Charisse Burden-Stelly is an Associate Professor of African American studies at Wayne State University and a member of the Black Alliance for Peace Research & Political Education Team. She is co-editor, with Percy Hintzen and Aaron Kamugisha, of the recently published Reproducing Domination: On the Caribbean Postcolonial State, with University Press of Mississippi
For more than forty years, Dr. Percy C. Hintzen has provided some of the most significant and enduring analyses of the colonial and postcolonial realities of the Caribbean. He has published books, articles, and public scholarship invaluable to understanding how Western imperialism, underdevelopment, neocolonialism, and elite domination have fundamentally shaped the political economy and social relations of the Anglophone Caribbean generally, and Guyana, Trinidad, and Barbados particularly. His work engages a broad range of issues, from structural adjustment to creole capture of the state apparatus to capitalist globalization to the politics of identity. This is not to mention Hintzen’s invaluable contributions to African Diaspora Studies through his study of, inter alia, the discourse, policy, and practice of economic development; the intersections of modernity, nationalism, and citizenship; and West Indian identity formation in the West. With this extensive body of work, we are left with a rich understanding of the ways that Caribbean subjects and subjectivities have been at the center of the material and cultural realities of the modern world. Another of Hintzen’s contributions is mentoring a cadre of students whose scholarship on subjects including racial capitalism, coloniality, Black sexuality and ballroom culture, and migration and transnationalism has shaped several fields of study precisely because of his mentorship and influence. The recent co-edited collection, Reproducing Domination: On the Caribbean Postcolonial State, encapsulates Hintzen’s range, rigor, and continued relevance—and the mutual respect and intellectual feedback loop between himself and his students.

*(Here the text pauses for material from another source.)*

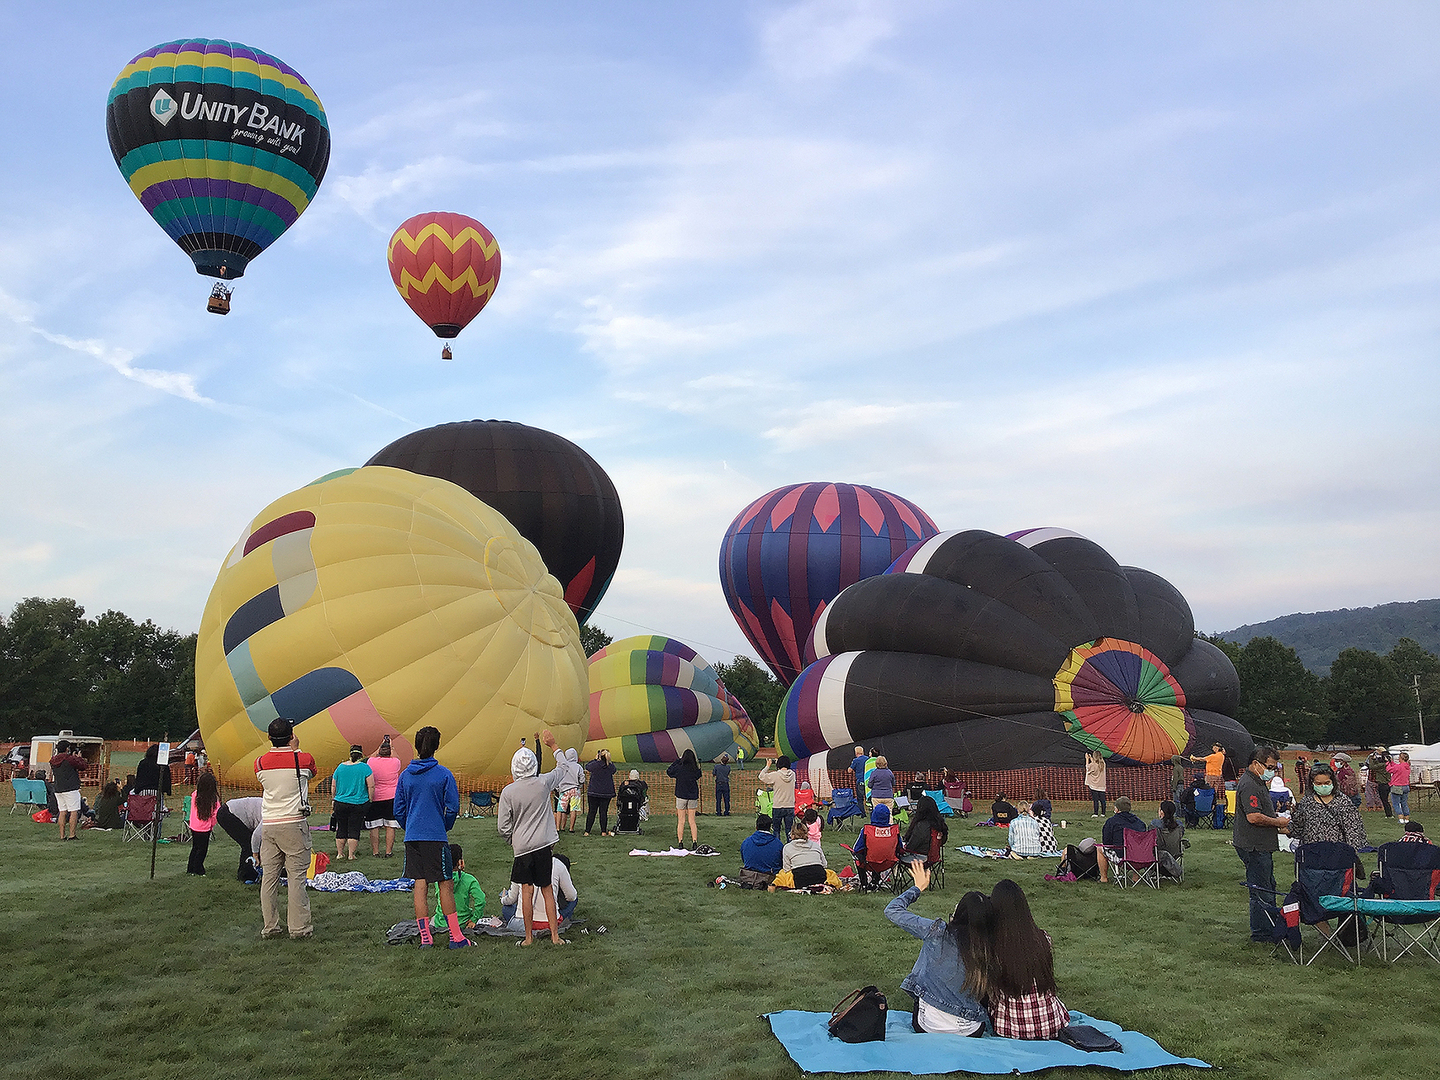 Warren County Hot Air Balloons, Arts and Crafts Festival, Washington, New Jersey, United States

As a scholar of racial capitalism, Hintzen’s interventions, including several of the chapters collected in Reproducing Domination—not least our co-authored essay, “Culturalism, Development, and the Crisis of Socialist Transformation”—have been foundational to my understanding of the intersections of racial formation, economic exploitation, and the globalized nature of the state. Like my own work, the essays collected in this volume bring together the two dominant approaches to racial capitalism, each of which is relevant to the neocolonial realities of the Caribbean postcolonial state. The first approach comes from Cedric Robinson’s 1983 publication, Black Marxism: The Making of the Black Radical Tradition and, more significantly, its republication in 2000 with a new preface by the author and a foreword written by historian Robin D. G. Kelley (Another volume of Black Marxism was published in 2021, attesting to the continued significance of this approach to racial capitalism.) For Cedric Robinson, racial capitalism describes how “the development, organization, and expansion of capitalist society pursued essentially racial directions,” as did social ideology and political practice. Further, “as a material force, then, it could be expected that racialism would inevitably permeate the social structures emergent from capitalism.” Capitalism, Robinson contends, did not represent a radical rupture from or a negation of feudalism, but rather an extension of its racialism into “the larger tapestry of the modern world’s political and economic relations.” As such, it was not capitalism that shaped modern European civilization, but rather European civilization that gave capitalism its world-historical and sociopolitical character. Racial capitalism, in other words, was the continuation of “the social, cultural, political, and ideological complexes of European feudalisms”—that is, its “racial, tribal, linguistic, and regional” antagonisms—into the capitalist form.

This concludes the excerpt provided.